Look through the listing below and report every line that contains "Sapphire".

Data for processing ▸
↓

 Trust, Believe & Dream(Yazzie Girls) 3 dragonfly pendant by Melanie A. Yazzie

↑
↓

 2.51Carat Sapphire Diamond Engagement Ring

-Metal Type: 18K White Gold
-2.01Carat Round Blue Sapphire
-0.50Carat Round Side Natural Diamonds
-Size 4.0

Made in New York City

↑
↓

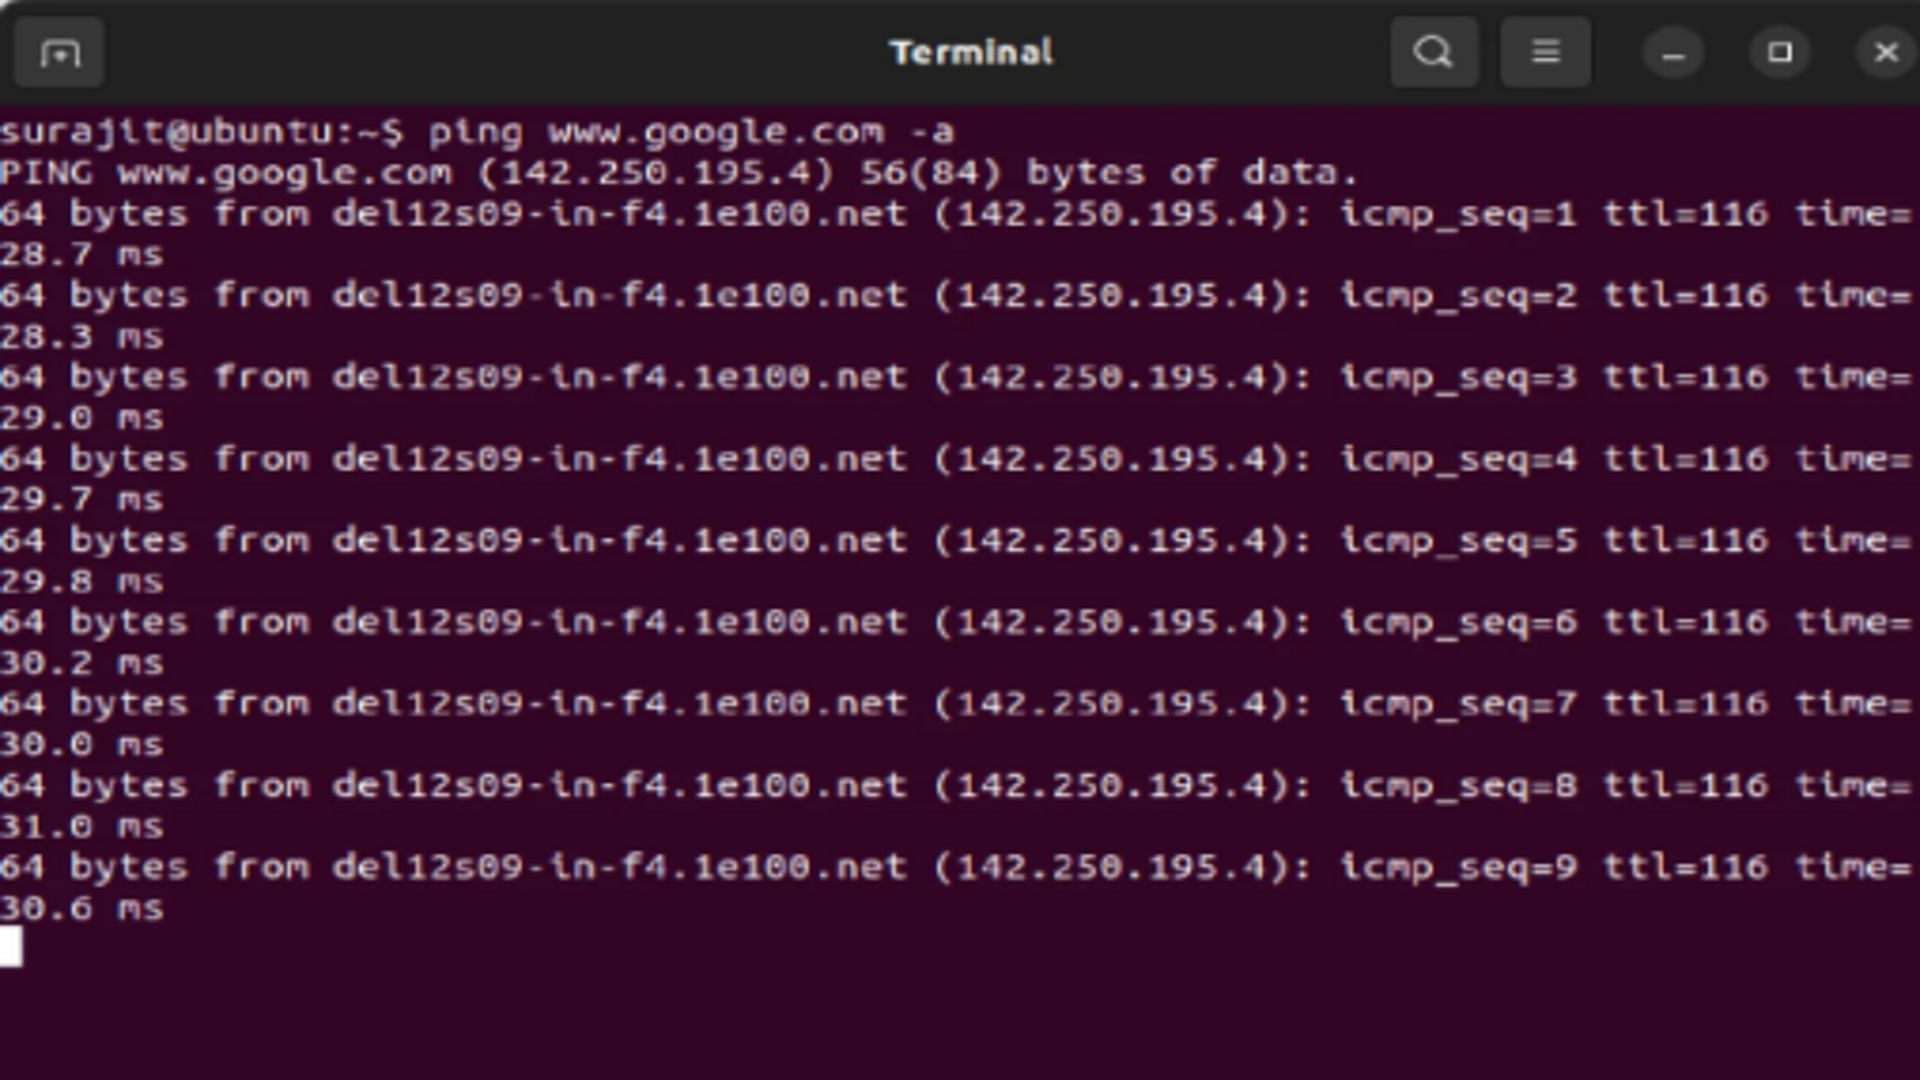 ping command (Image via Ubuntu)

↑

Your response ▸
 2.51Carat Sapphire Diamond Engagement Ring
-2.01Carat Round Blue Sapphire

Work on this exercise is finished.